▶ **TASK DETAILS**
Pictures aside, repeat the listing below exactly.

▶ **COLLECTED DATA**

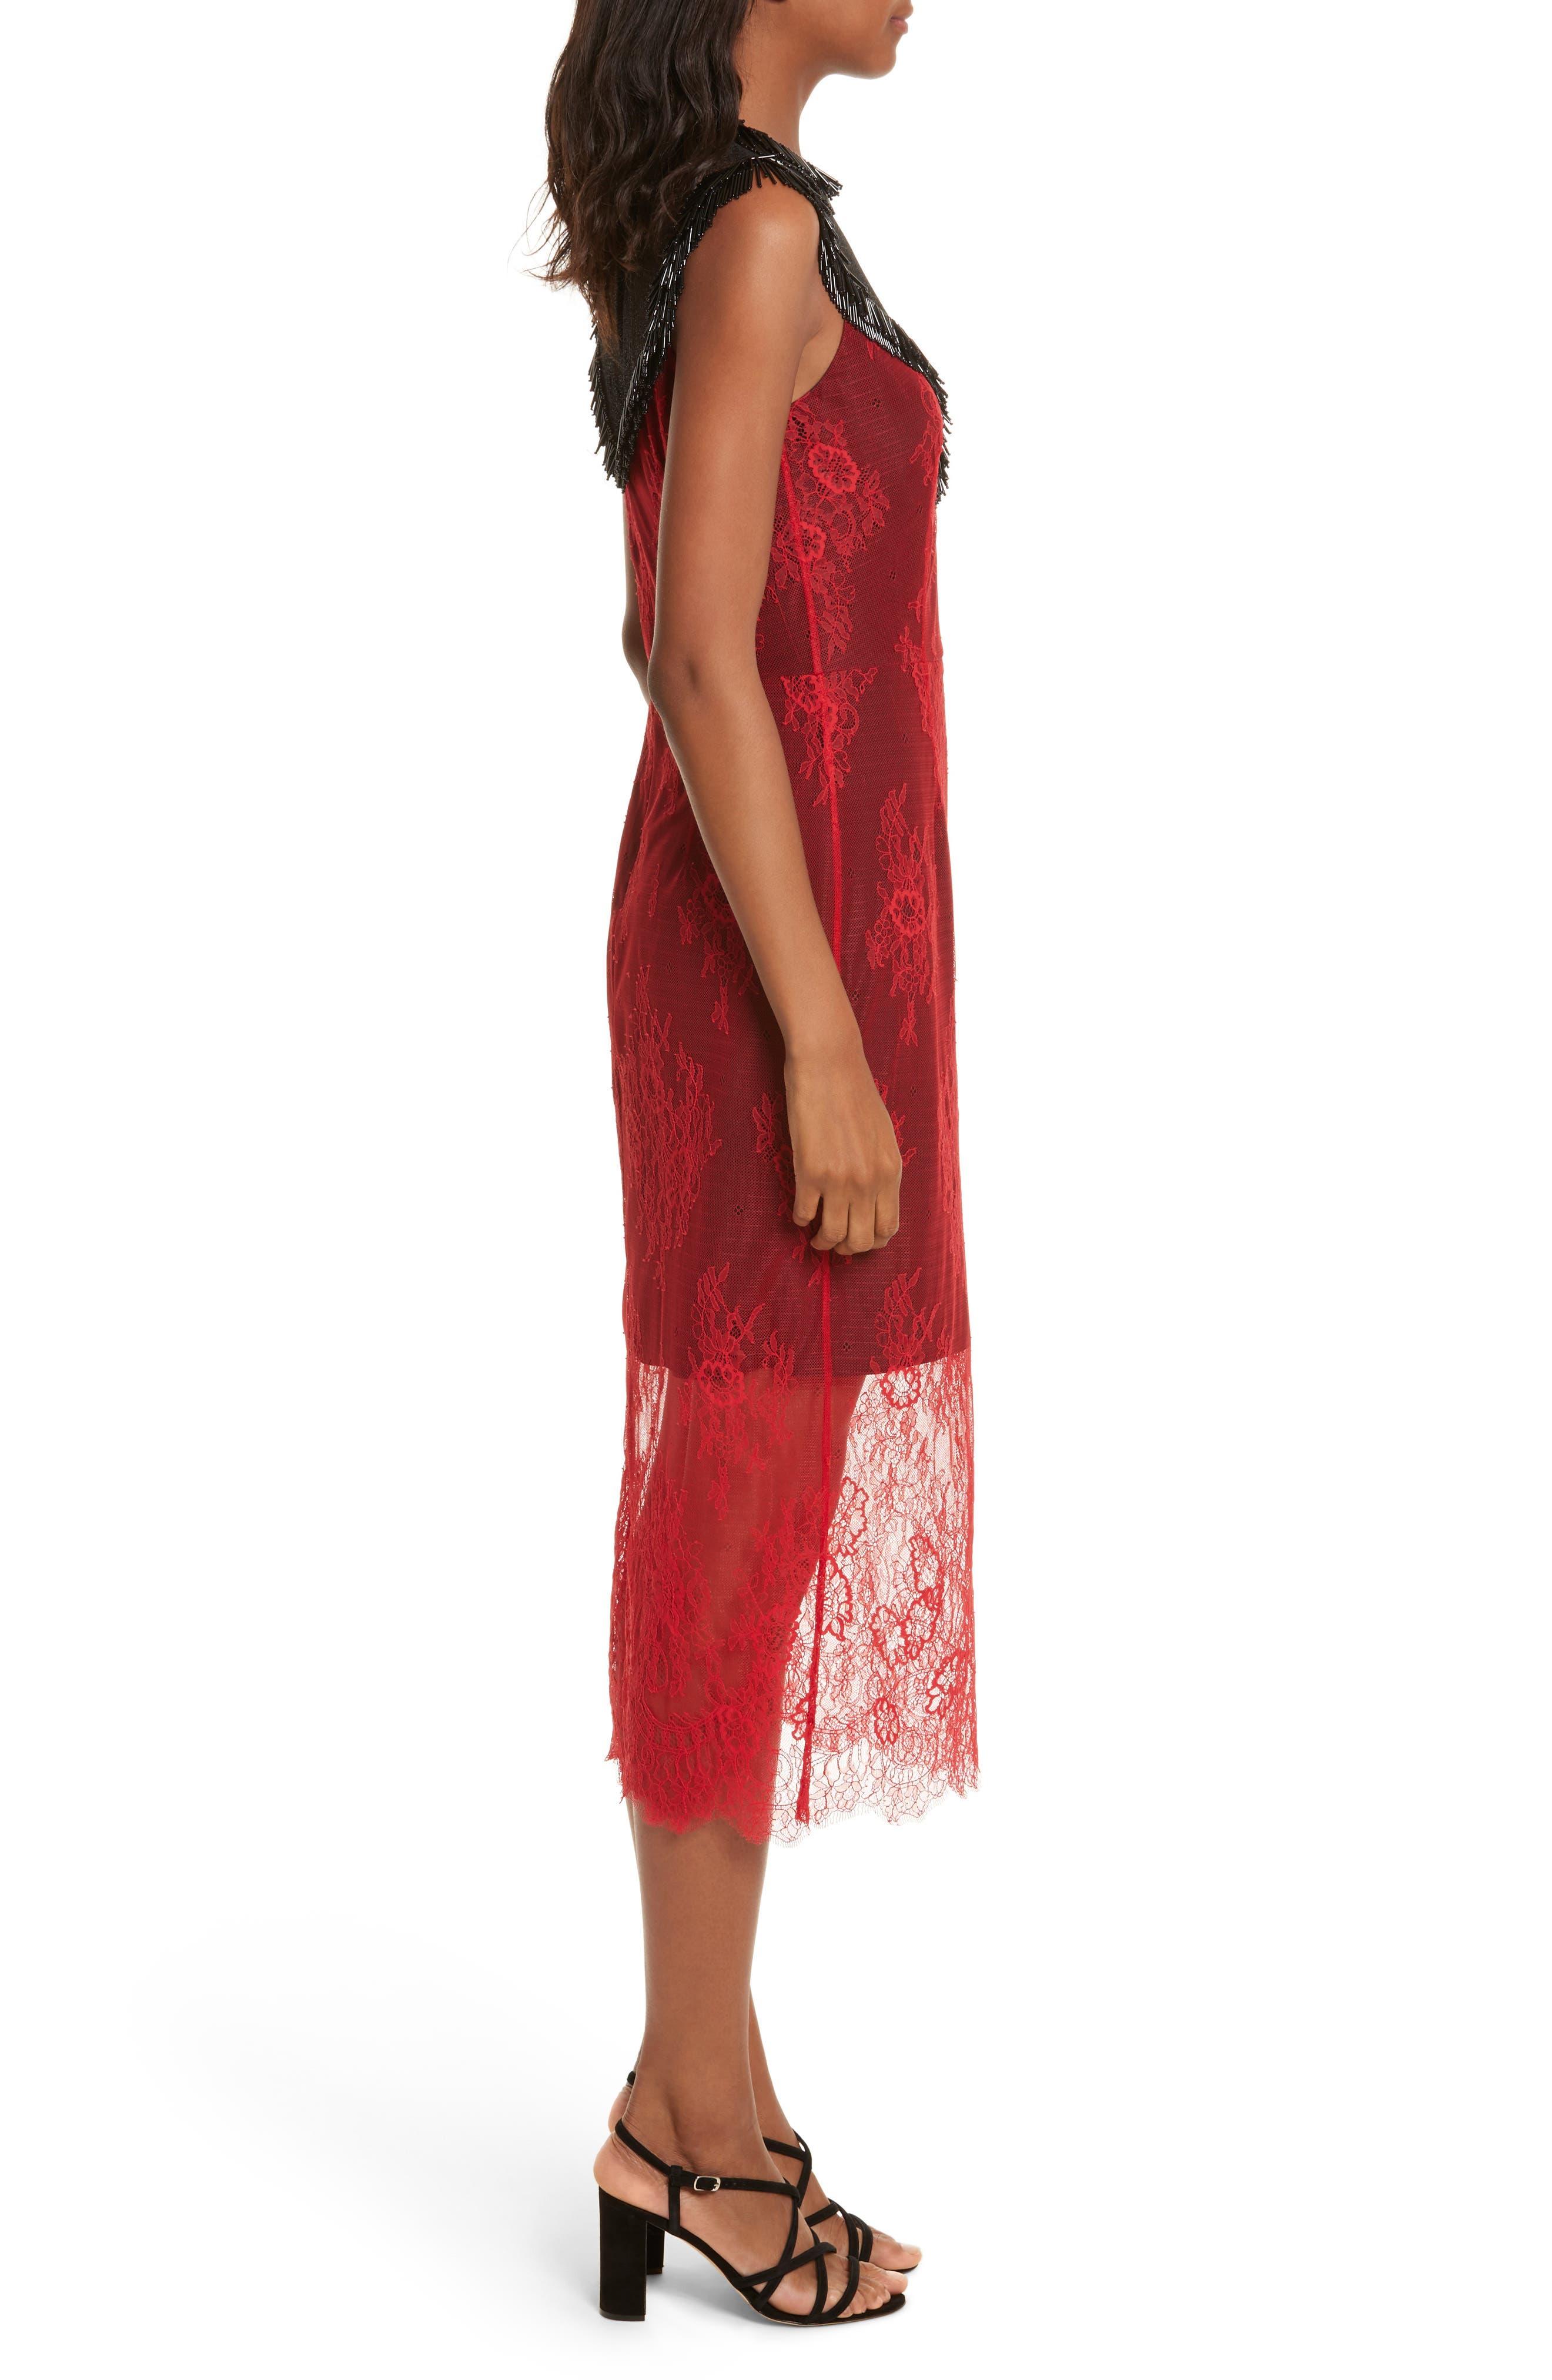 Diane von Furstenberg Beaded Lace Overlay Dress,                             Alternate thumbnail 3, color,                             Lipstick/ Black
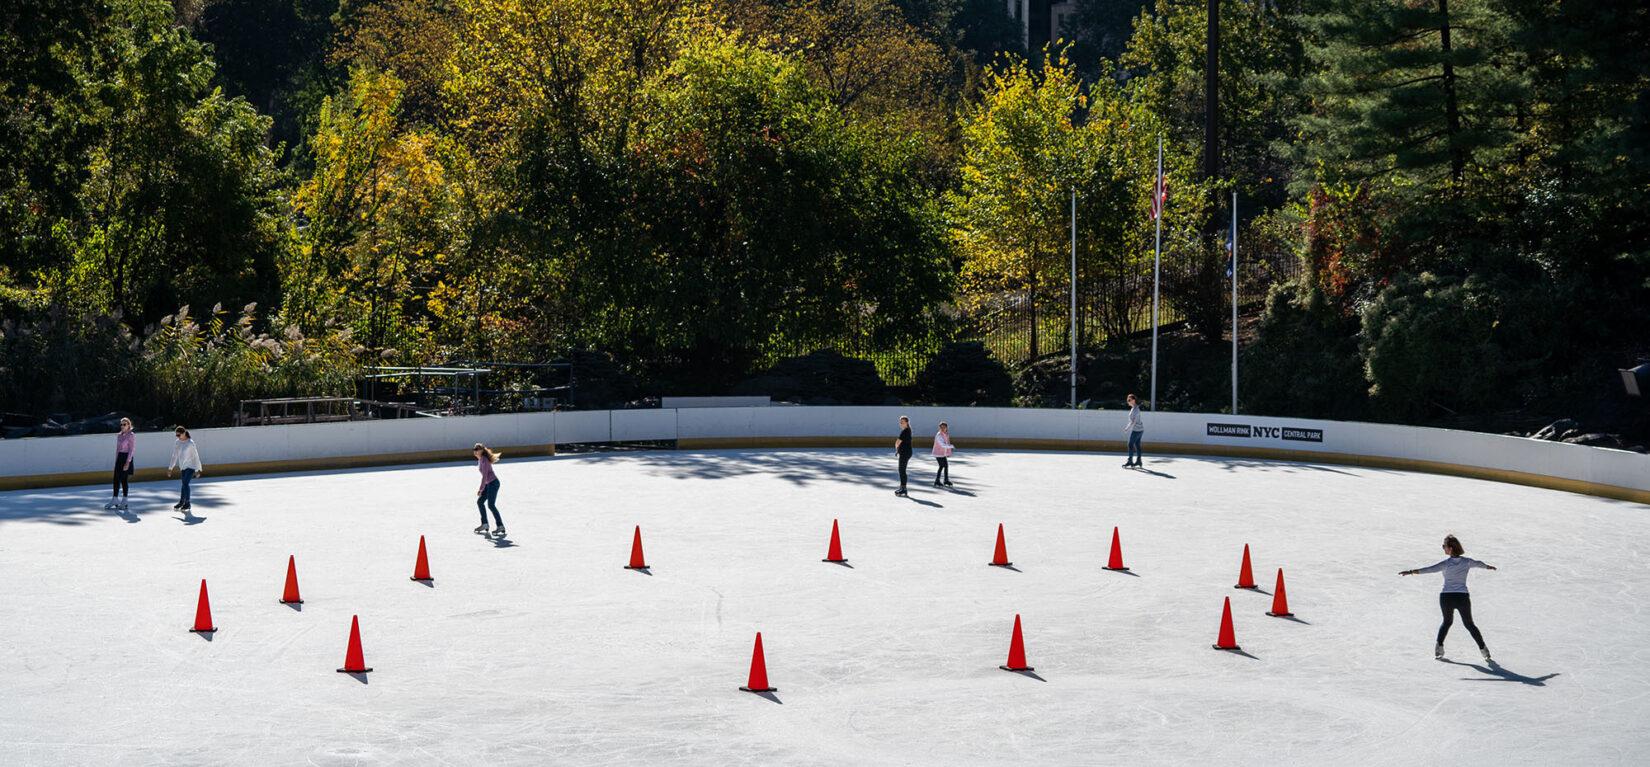 Wollman Ice Rink 20191024 02670
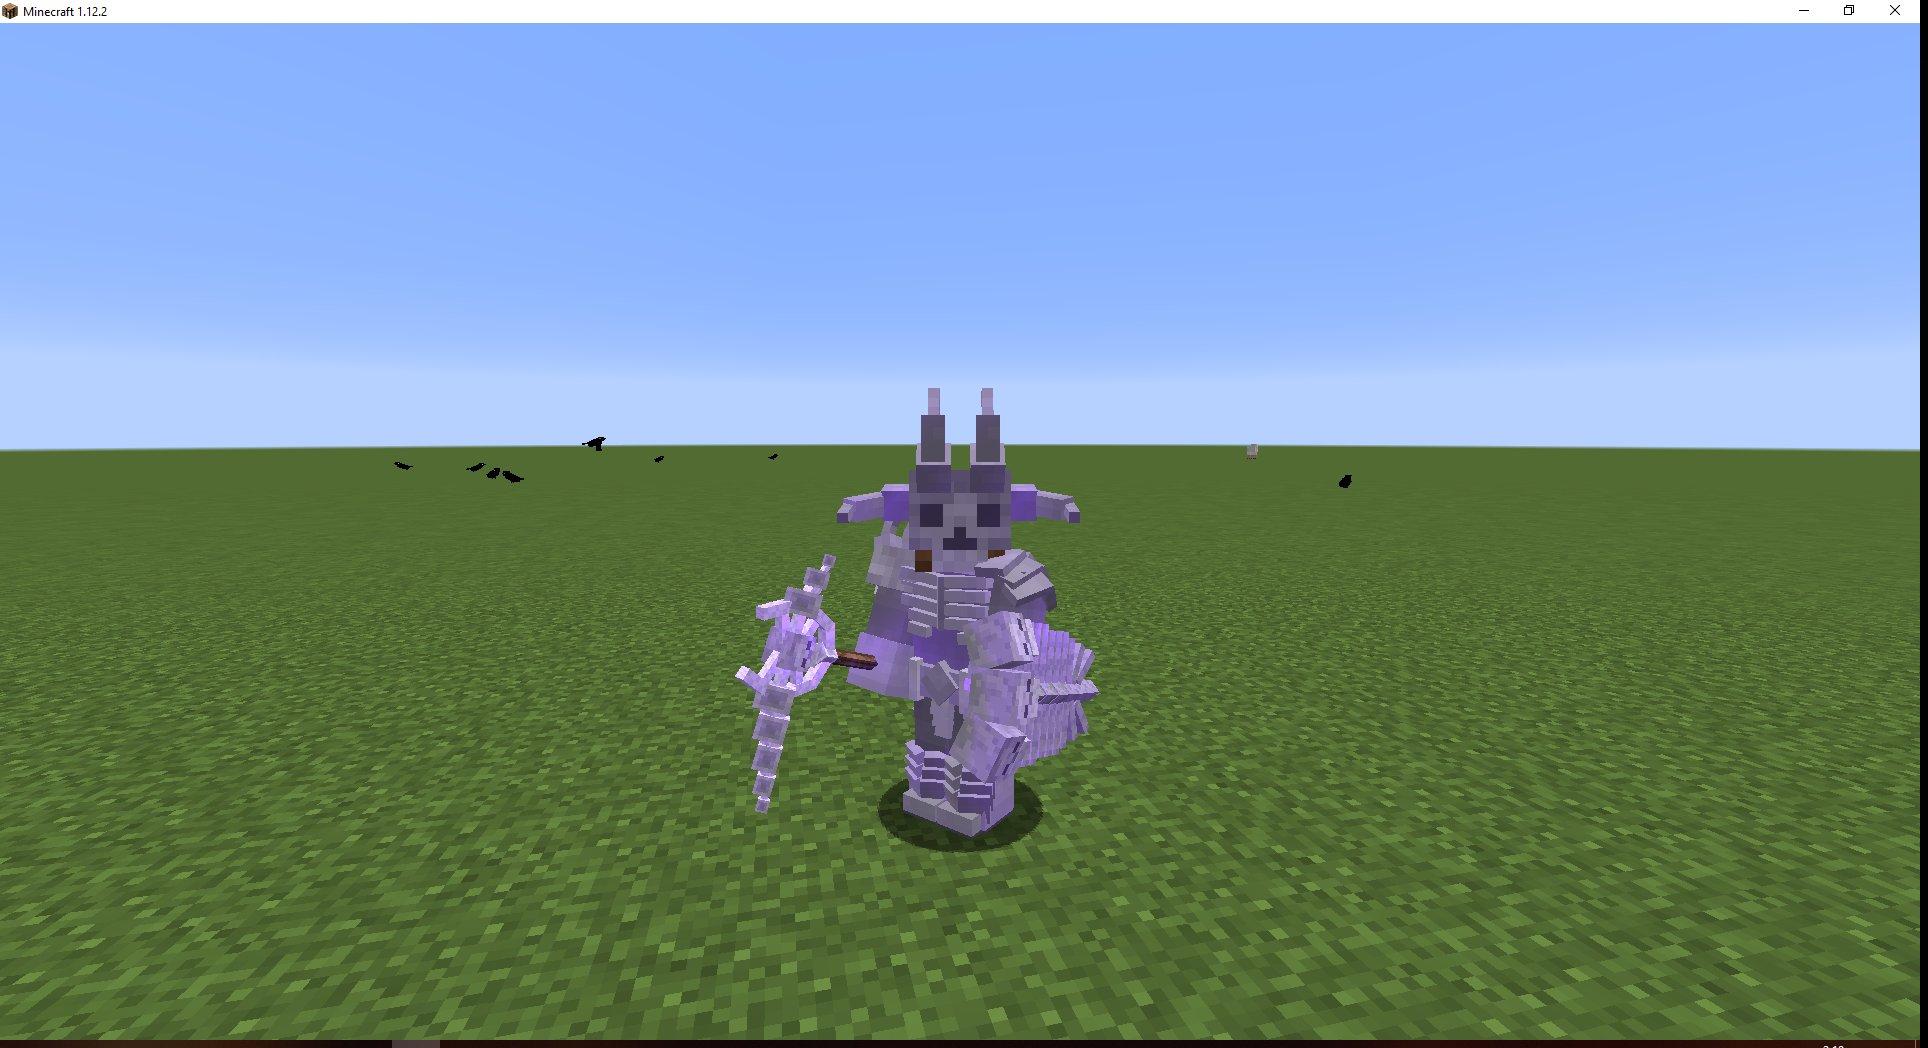 Gravestone mod - Minecraft Mods - Mapping and Modding: Java
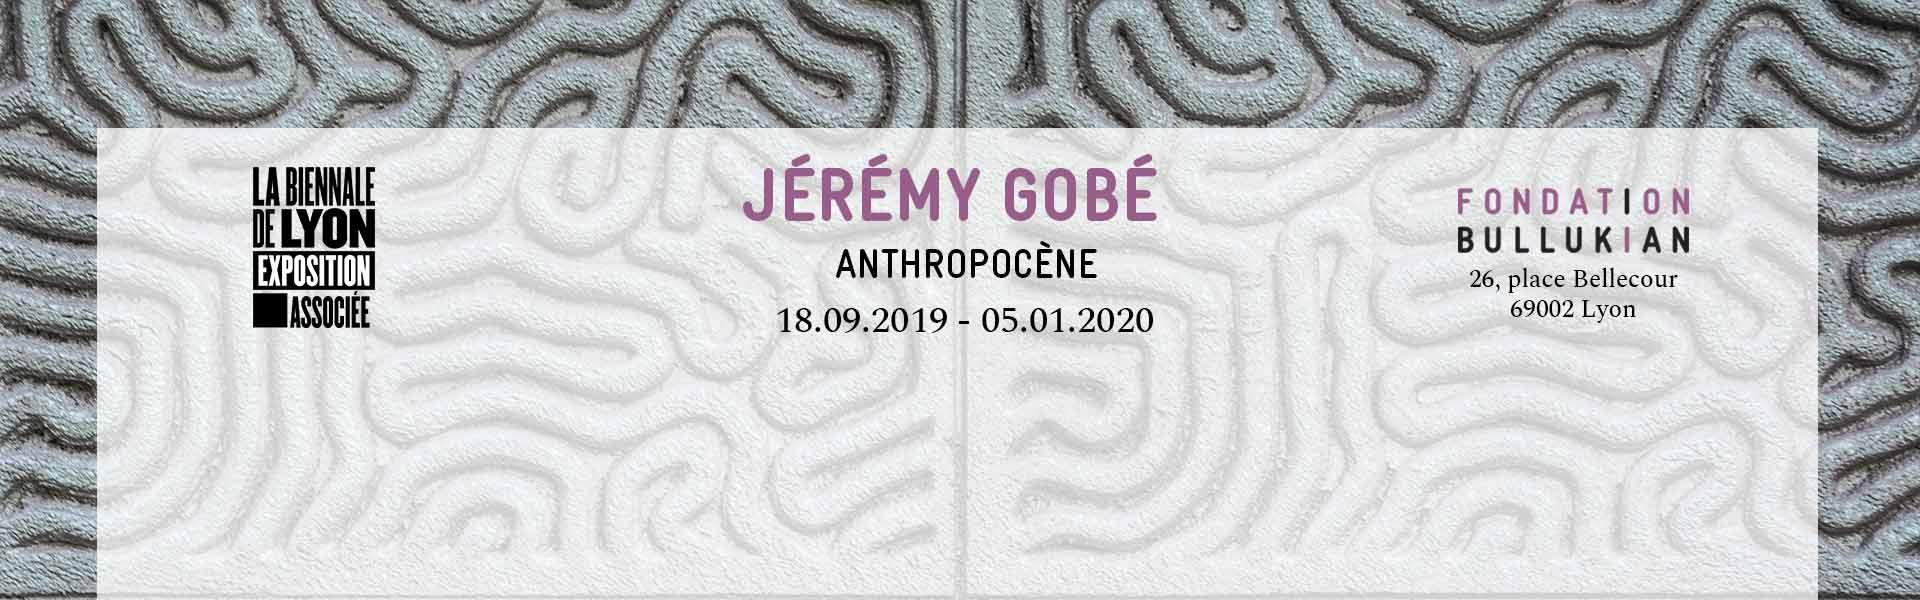 Jeremy Gobe, Anthropocene, Fondation Bullukian

▶ **EXPECTED ANSWER**
 Diane von Furstenberg Beaded Lace Overlay Dress,                             Alternate thumbnail 3, color,                             Lipstick/ Black
 Wollman Ice Rink 20191024 02670
 Gravestone mod - Minecraft Mods - Mapping and Modding: Java
 Jeremy Gobe, Anthropocene, Fondation Bullukian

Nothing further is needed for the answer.